Visibly showing disgust at the answer, Capuano said: “So five years after Dodd-Frank, they still have potentially three years before there are any serious consequences to prove to you that they no longer offer a threat to the entire U.S. economic system.” Yellen responded that the Fed had put higher capital standards in place. Capuano said that these capital standards have been found insufficient by everyone who studies these matters “except the Fed.”
Congressman Brad Sherman (D-CA) asked Yellen about the fact that the New York Fed represents less than 20 million people in their district but has a permanent seat on the Federal Open Market Committee which sets monetary policy. He said the San Francisco Fed represents 65 million people – three times more than New York. He argued that New York isn’t three times more important than San Francisco and asked if Yellen would support a permanent seat on the Fed for the San Francisco Fed. Yellen said that would take Congressional action.
Sherman also questioned Yellen about plans at the Fed to take away the “punch bowl,” that is, hike interest rates. Sherman said that members of the committee were in touch with constituents in their various districts and said “It ain’t good out there.”

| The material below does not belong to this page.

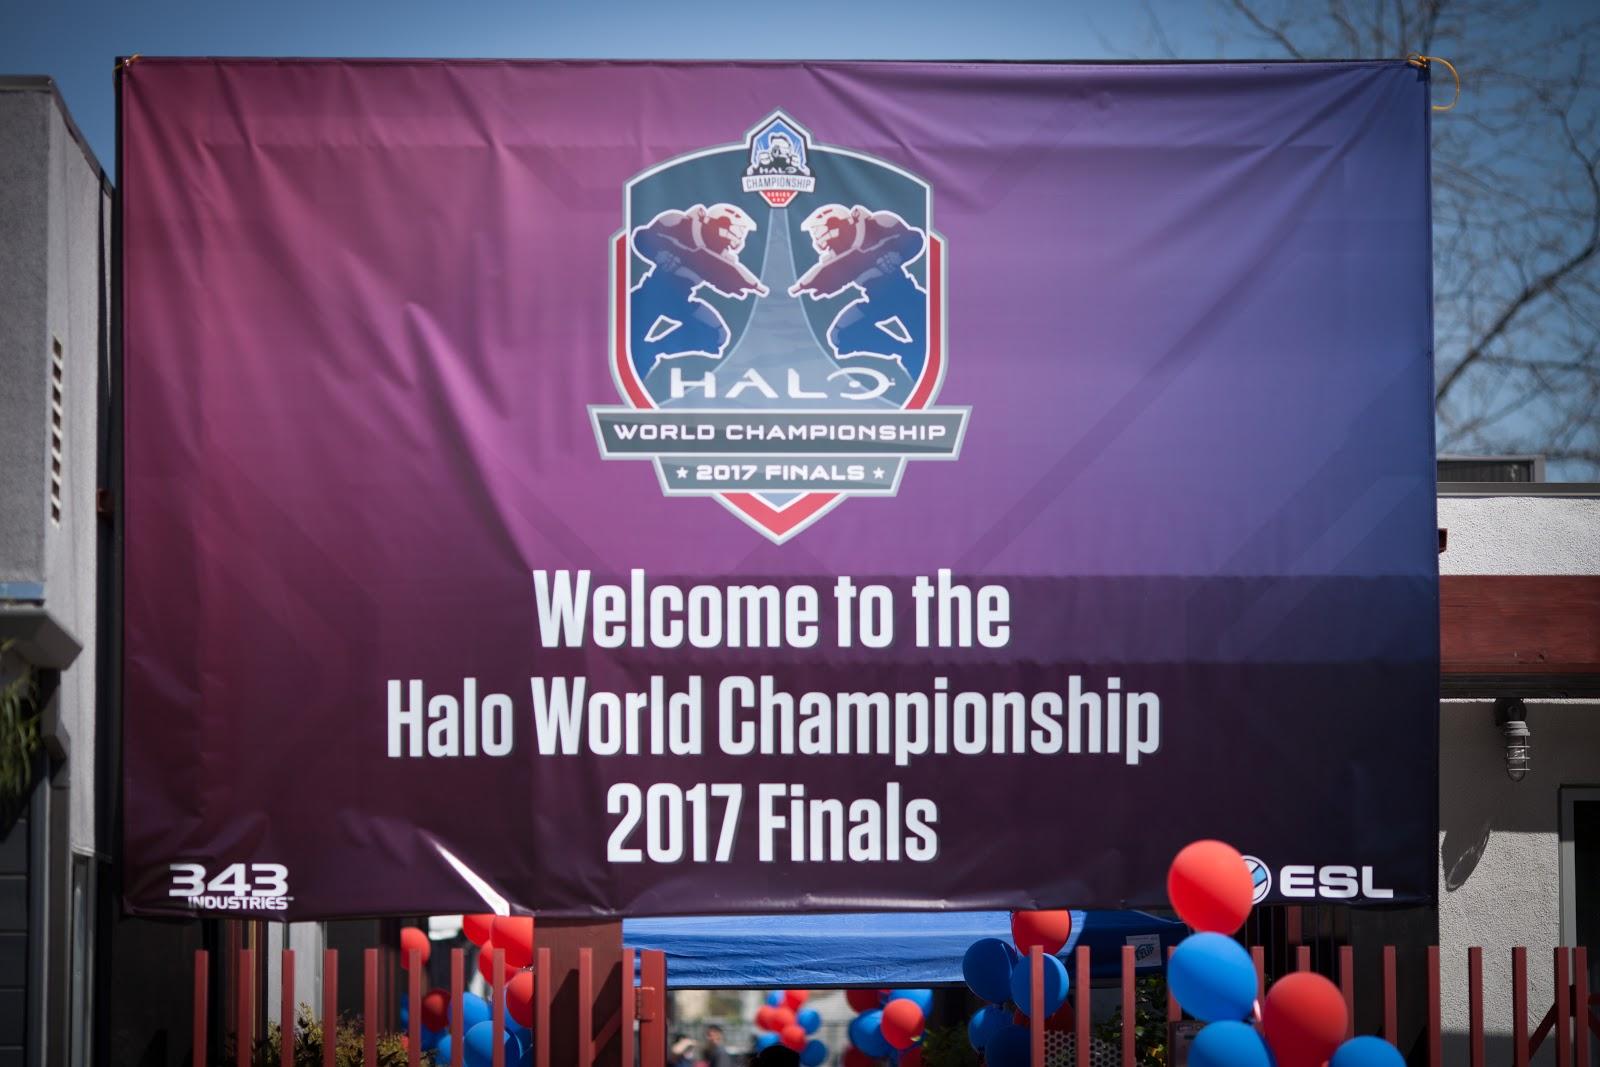 HaloWC 2017 Welcome to HaloWC.jpg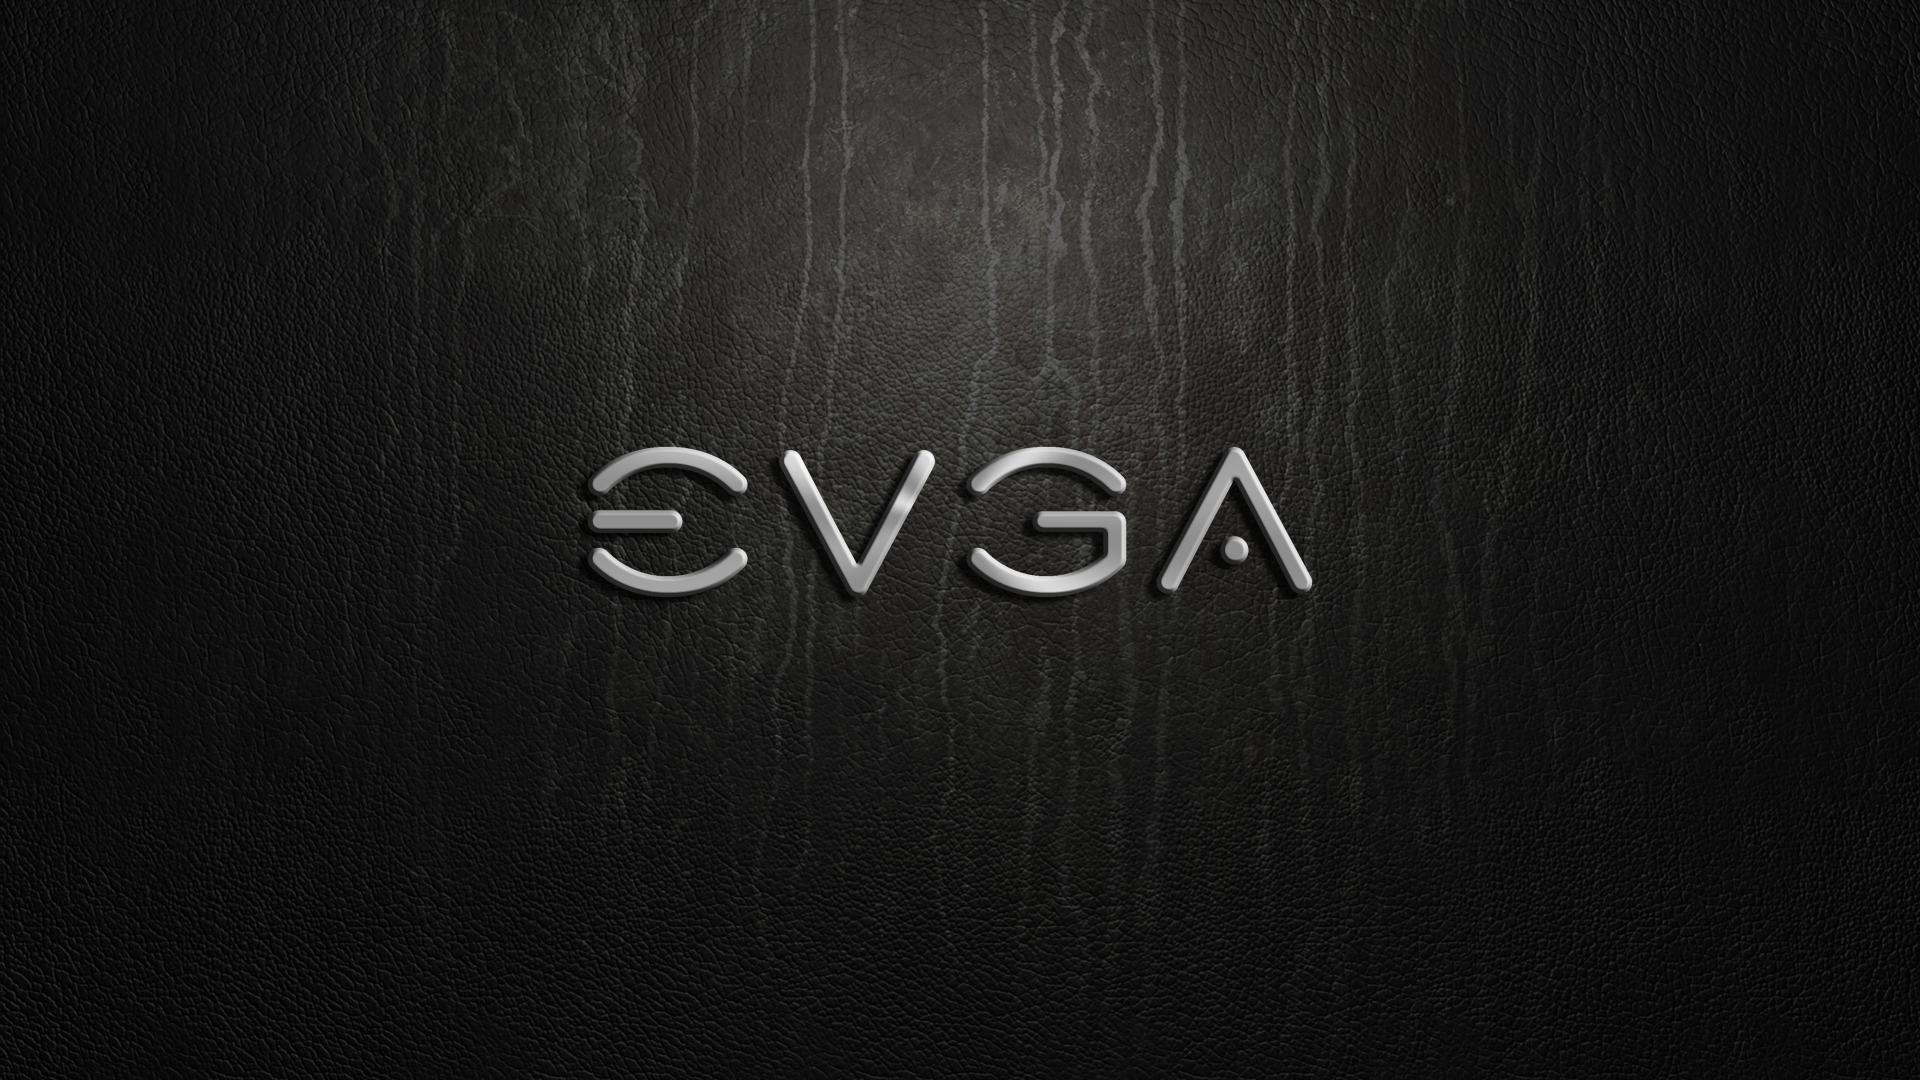 EVGA wallpaper #

Following accusations of political bias from Congressman Garrett early in the hearing, Congressman Sean Duffy (R-WI) picked up on the same theme later in the hearing. Duffy asked about a speech Yellen gave two weeks before the Presidential election on income inequality, grilling Yellen on which political party was pushing that same theme. Yellen said she had heard politicians on both sides of the aisle lament income inequality. Duffy aggressively sparred with Yellen, saying that if he polled everyone in the room as to which party made income inequality a political issue in the last election, everyone would get it right.
Congressman Al Green (D-TX) asked about the chasm that’s developing between the very, very rich and the rest of us. Yellen said all of us treasure living in a society where people who work hard and play by the rules can get ahead and we’ve seen that in this country generation after generation. Yellen said the rise of income inequality has been “inexorable” since the 1980s.
What wasn’t addressed in the hearing is that the rise of $1 trillion and $2 trillion dollar Wall Street banks has accompanied the rise in income inequality. It’s really quite a simple matter. These mega banks have served as an institutionalized mechanism to asset strip the middle class and the poor through outrageously high interest rates on credit cards, mortgages, management of 401(k) plans where two-thirds of a worker’s assets are stripped away over a lifetime of work.
These mega banks have collected the vast majority of deposits in the country and are now using those very deposits against the middle class and the poor. Instead of making prudent business loans and paying a higher rate of interest from those loans to depositors, banks have turned the deposits into a source of low-cost capital for casino bets while the Fed has looked the other way without meaningful regulatory response.
No clearer example exists than the London Whale episode at JPMorgan Chase. Rather than use its own capital to make wild derivative bets to boost profits for the house, JPMorgan used depositors’ money in its insured bank unit. It had been doing this for some time but was caught in 2012 when the press reported the bets had grown so large that they were distorting the market. At least $6.2 billion of bank deposits were lost in that operation.
JPMorgan’s national bank supervisor, the Office of the Comptroller of the Currency (OCC) found that “The credit derivatives trading activity constituted recklessly unsafe and unsound practices,” and “was part of a pattern of misconduct….”
Since that time, JPMorgan has been repeatedly charged with one violation after another. And yet, the Federal Reserve has not broken it up. The anger on the House Financial Services Committee is a tepid reflection of the growing anger among average Americans at the gross incompetence of the Federal Reserve as a regulator.